The US Energy Information Administration last week said it expects world oil production to exceed consumption in the second quarter of 2013, resulting in an average build of 0.5 million barrels per day in global oil stocks.
US crude oil inventories were seen rising last week beyond record inventories hit in the previous two weeks, according to a Reuters poll.
The International Energy Agency (IEA) will release its monthly and medium-term supply and demand outlook on Tuesday, after the Organization of the Petroleum Exporting Countries last week increased its outlook for 2013 demand.
The IEA "is likely to revise its forecast for non-OPEC oil supply significantly upwards to take account of the rapid growth of shale oil production in the US Positive news about demand is therefore needed if oil prices are to climb," analysts at Commerzbank said.
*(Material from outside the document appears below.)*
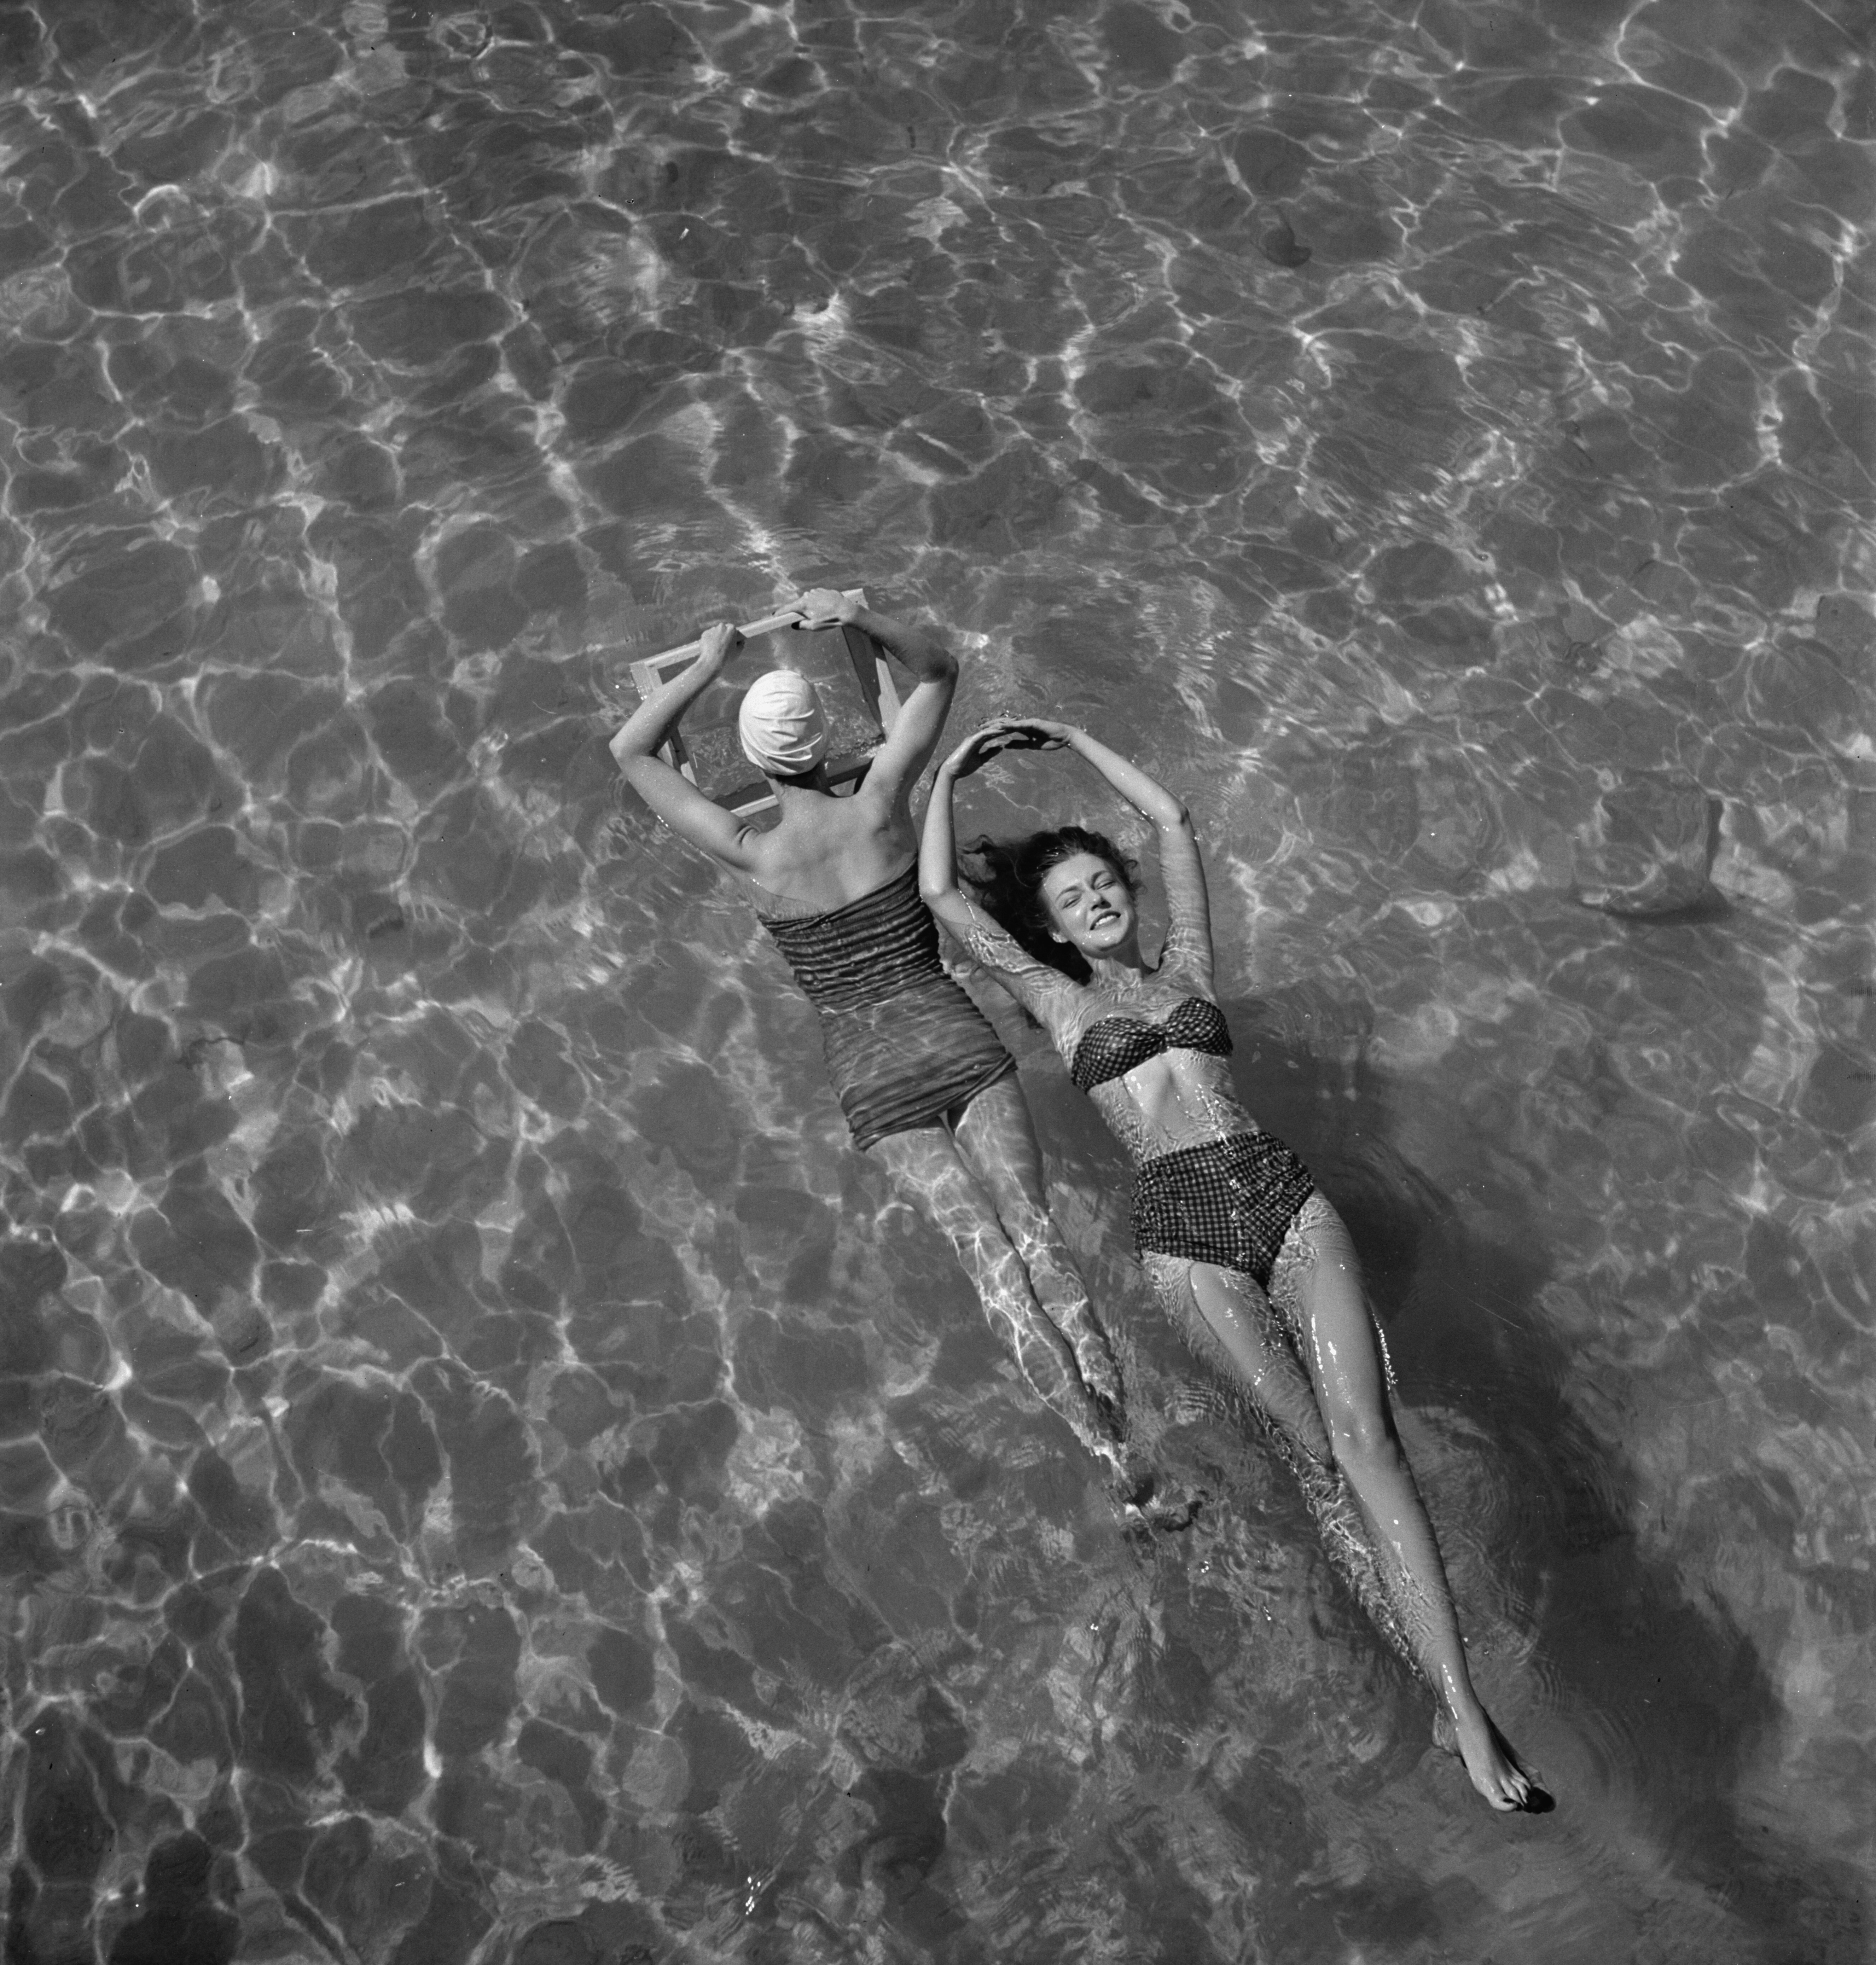 Модели в купальниках плавают в бассейне, 1948. Фотограф Тони Фрисселл

The closely watched spread, or price differential, between global benchmark Brent crude and US benchmark West Texas Intermediate <CL-LCO1=R> narrowed to a fresh 2-1/2 year low, intraday at $7.32, settling at $7.65.
The spread has narrowed in recent weeks as crude makes its way out of the Cushing, Oklahoma, delivery point for the US oil futures contract.
"However, a growing glut of crude in Houston suggests WTI-Brent is near a trough and should widen again (at least marginally) later this year," Morgan Stanley analysts said in a report on Monday.